You need to be gentle with yourself for a while, and pamper yourself as much as you can. Really take your time doing your nails, hair etc, make yourself feel looked after. Wear clothes that are comfortable and make you feel good. Read books that are light and funny, listen to soothing music and watch light entertaining programmes. If you feel like you need a cry it's ok to watch a soppy film and lose yourself in it for a while.

Take some time off work if you can, you are unwell and its ok. Flowers

flanjabelle · 14/12/2015 21:50

Hope you are ok op. Just bumping your thread to see if anyone else has some advice. it sounds like you have had a really tough time.

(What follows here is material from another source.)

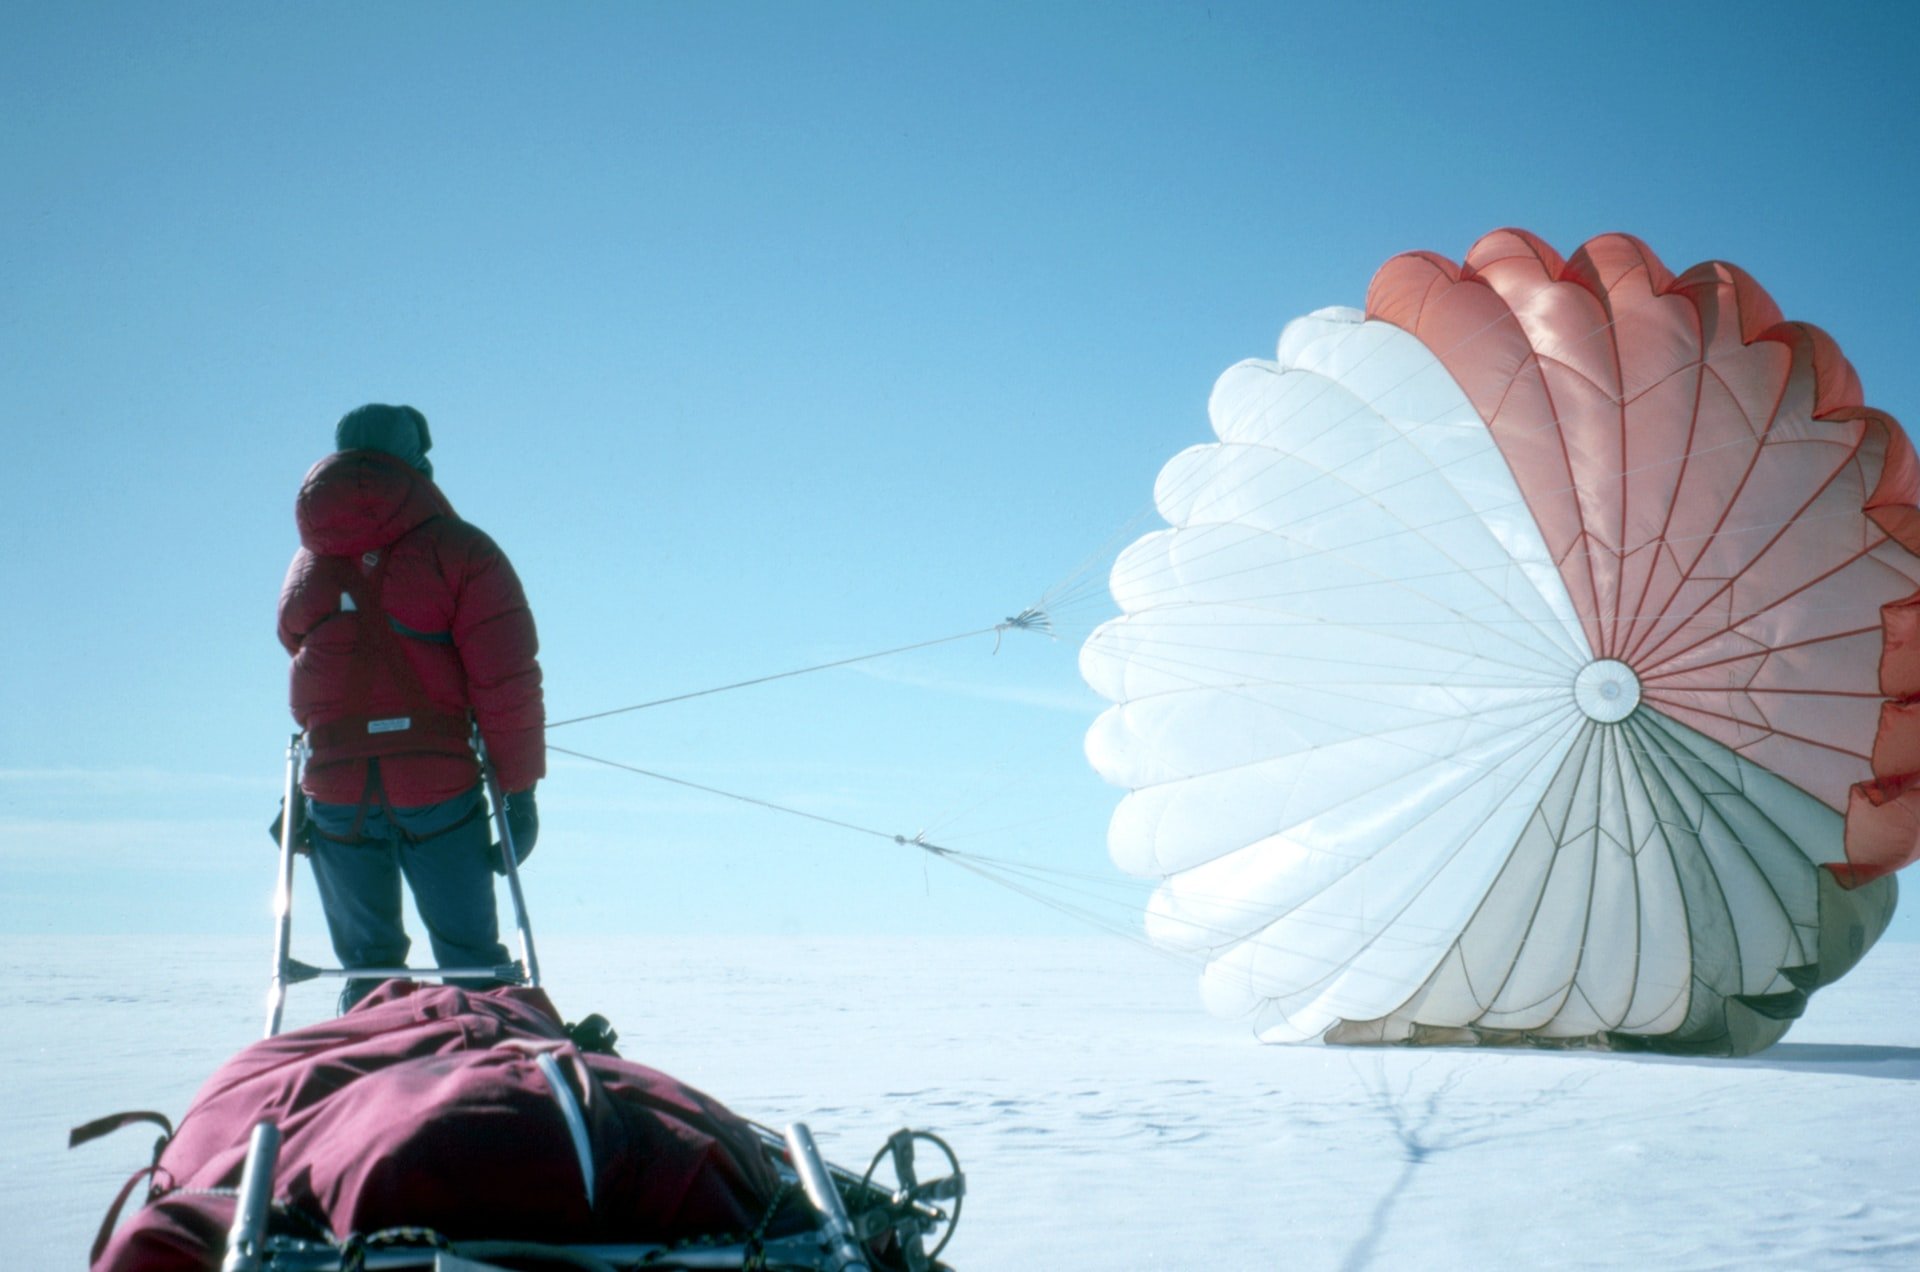 Person and parachite after landing in snow

Parker08 · 15/12/2015 03:30

Do not look him up on social media. Don't look at his photo and done reminisce. I know it's hard but it will get better. I promise. Be gentle with yourself-find something that makes you happy, whether it's getting your nails done or eating a cookie. Keep your mind busy. I'm sending you a big hug.

timeisnotaline · 16/12/2015 13:36

Do some simple things you have been meaning to for a while - throw something out, tidy a drawer ...

mum2mum99 · 16/12/2015 13:41

Read self help book like the Lundy Bancroft one. Go to the Freedom program to make sure you don't make the same mistake again. Go walking. Practise mindfulness and/or yoga. Get loads of sleep if you can manage to. This program works for me. And post on mumsnet, just like you did. We are a supportive community. Flowers and hugs

munkynutts · 16/12/2015 13:47

He owes me money too. Not sure/if when I should try and get it back...

OP posts:
mum2mum99 · 16/12/2015 14:14

depending how much he owes you. Even with legal aid a layer is costly so is it worth it?

RiceCrispieTreats · 16/12/2015 14:34

Self-care:

  • Prepare yourself healthy and nutritious meals.
  • Get 8 hours of sleep per night.
  • Exercise.
  • Spend time outdoors.
  • Carve out at least 20 minutes per day to disconnect, eg. meditation or a walk in the park.
  • Socialise with people who like you for you.
  • Keep your living space sufficiently neat and tidy, as well as your appearance. Show up on time to your job and do at least the minimum required (it's often tempting to let our inner chaos become outer chaos).
  • Find a therapist you click with.
  • Time with pets or small children is a bonus.
  • Pay your bills on time, set up a direct debit if you want.

Obsession-B-Gone!:

  • No contact.
  • No contact.
  • No contact.
  • Block from all social media, phones, email.
  • Interrupt any mutual friends who want to report news about him, tell them you don't want to hear it, and change the subject.